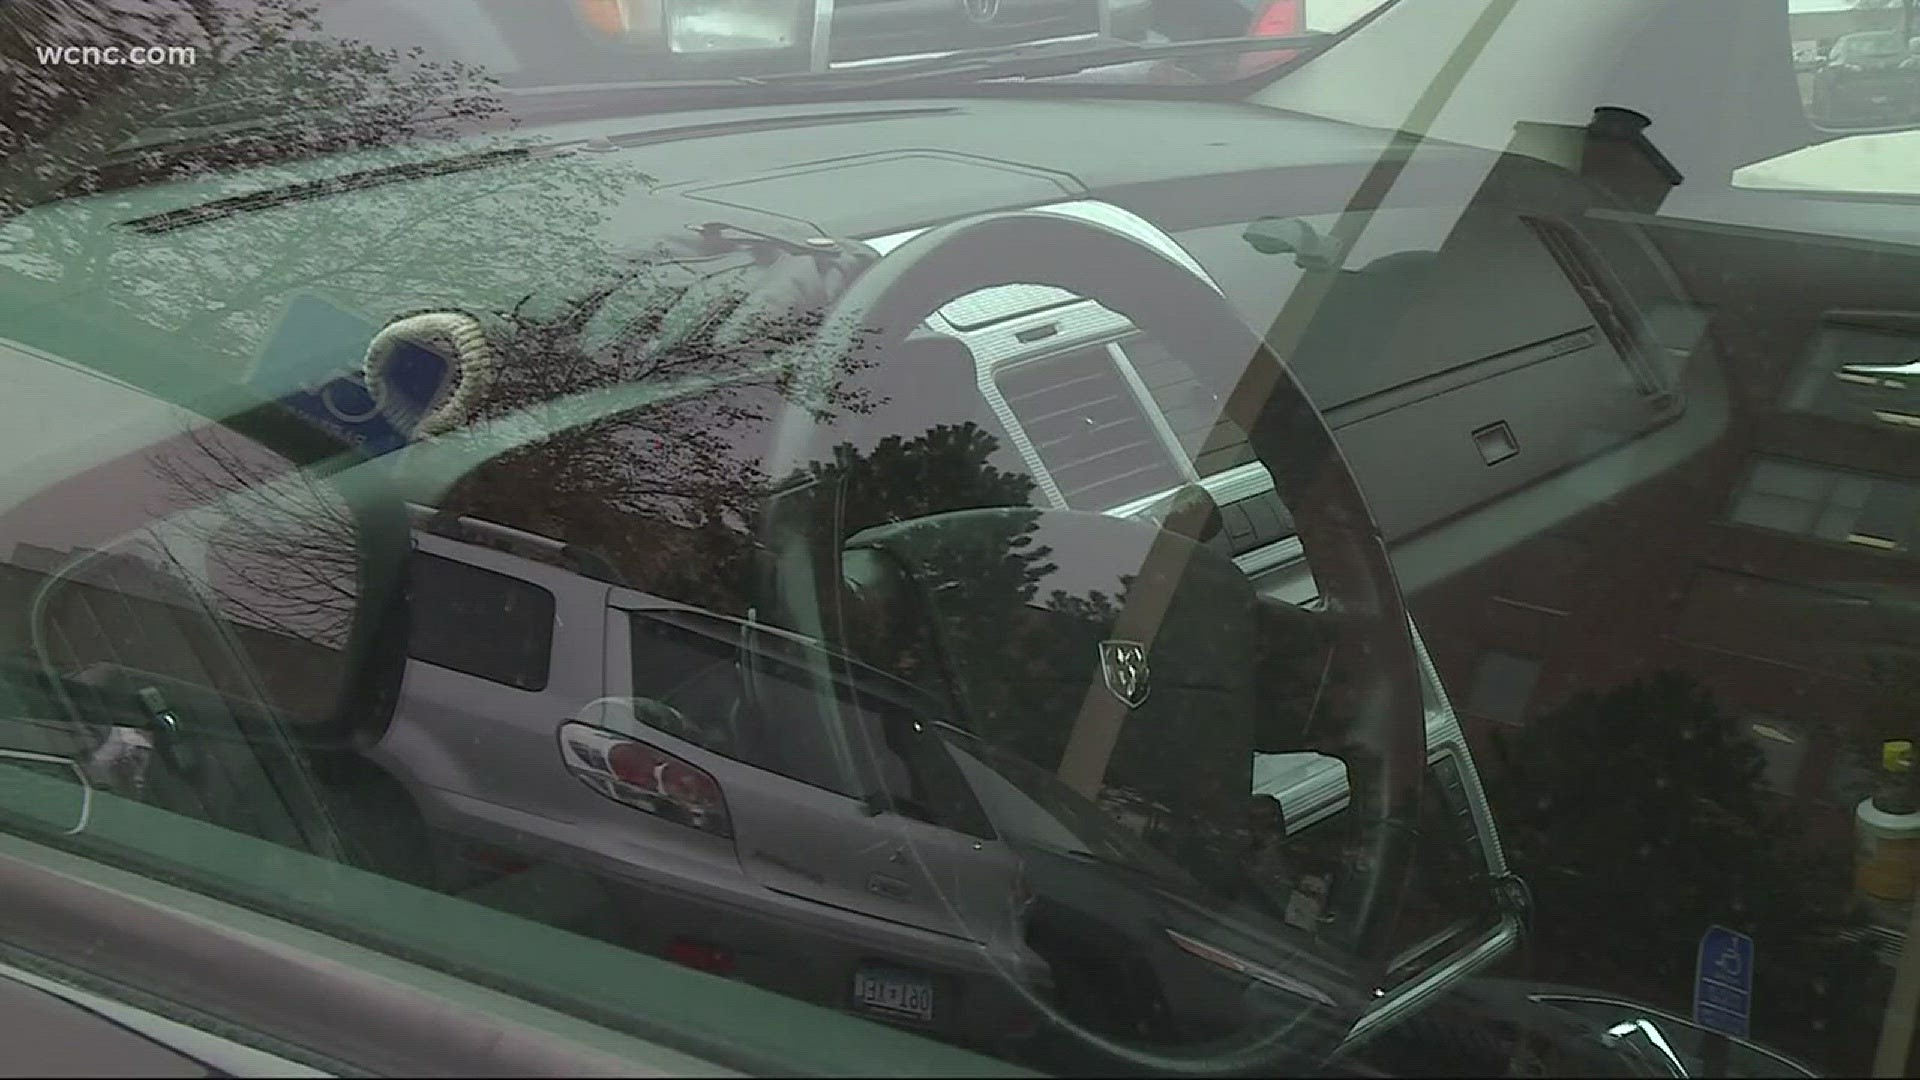 CMPD are telling drivers to think twice about leaving your car while "warming up."
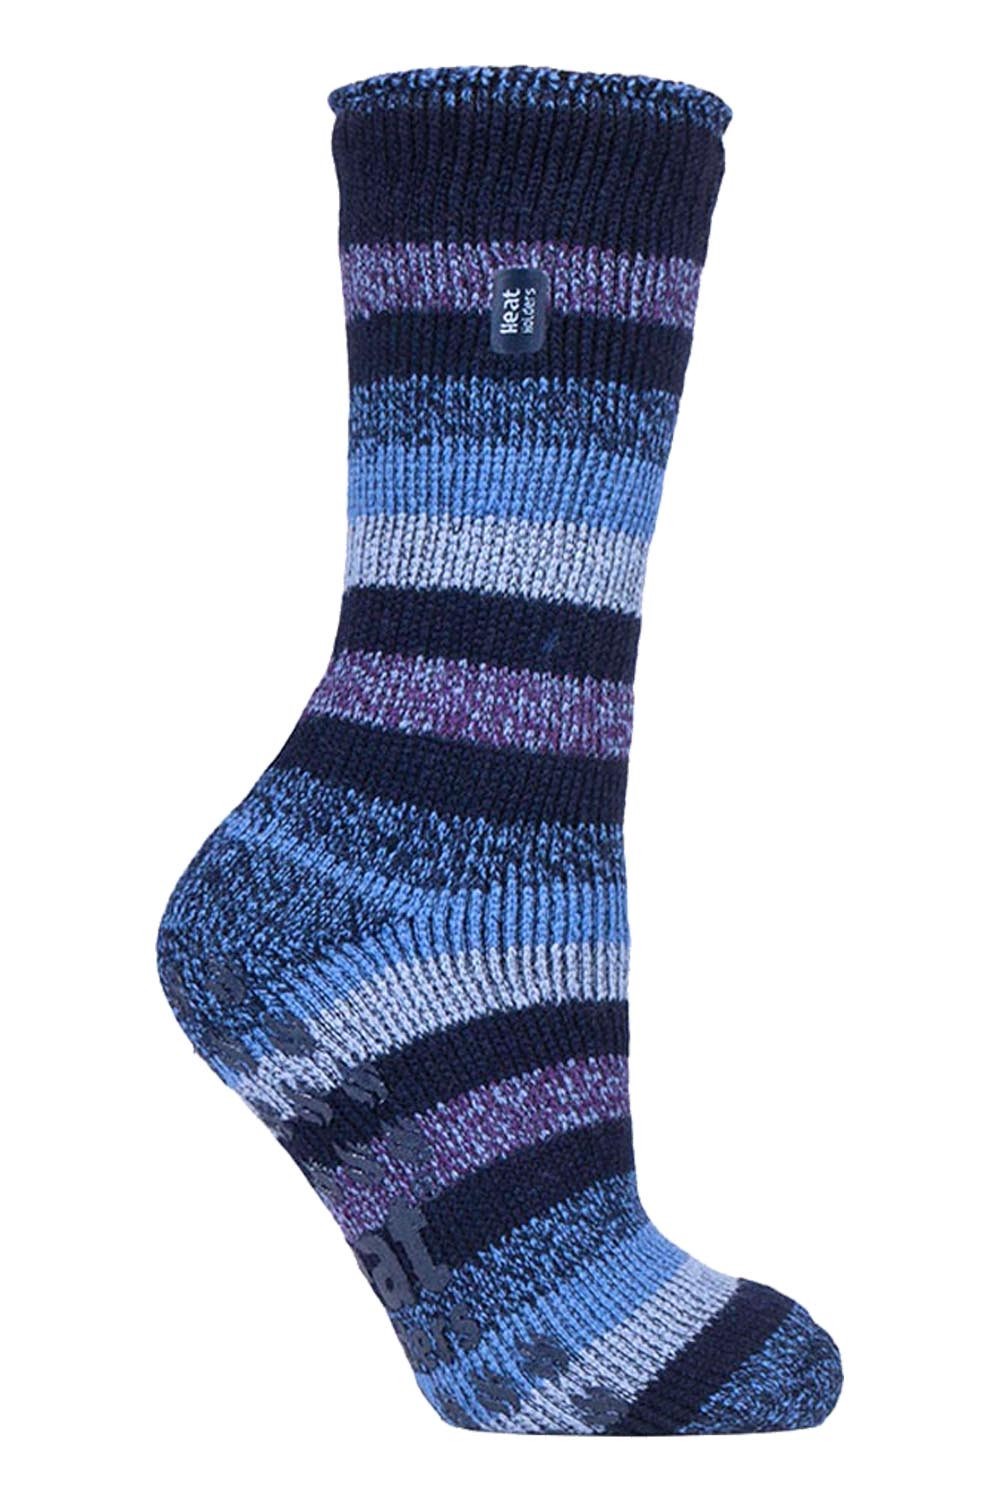 Womens Striped Thermal Socks With Grips -
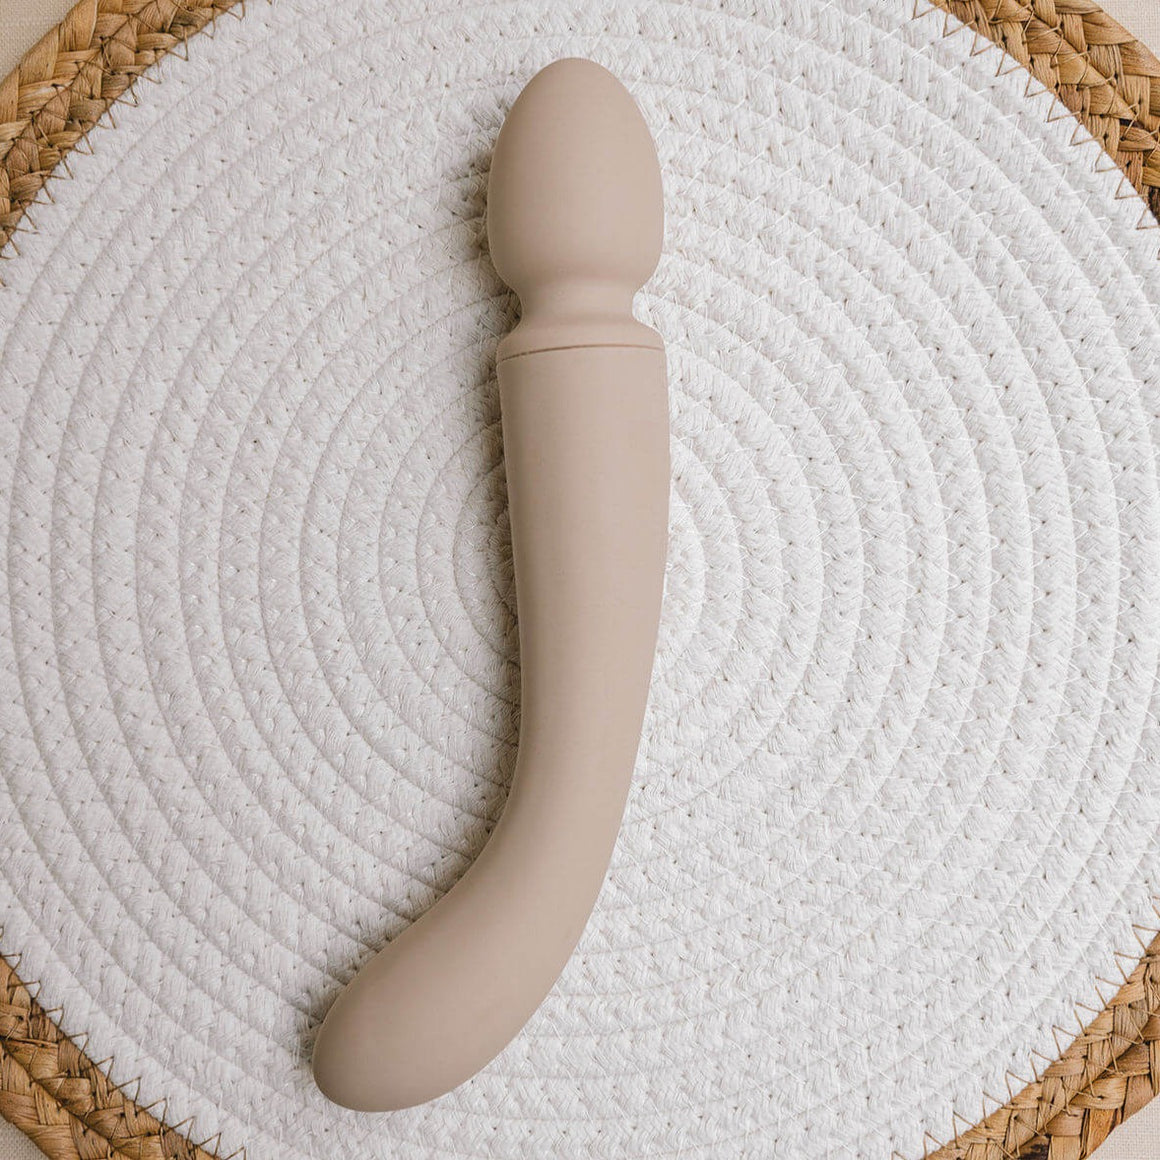 Cassia | Dual-ended and Curved Wand Vibrator

§ Work item
Please set down the whole listing exactly, apart from the pictures.

§ Expected answer
 CMPD are telling drivers to think twice about leaving your car while "warming up."
 Womens Striped Thermal Socks With Grips -
 Cassia | Dual-ended and Curved Wand Vibrator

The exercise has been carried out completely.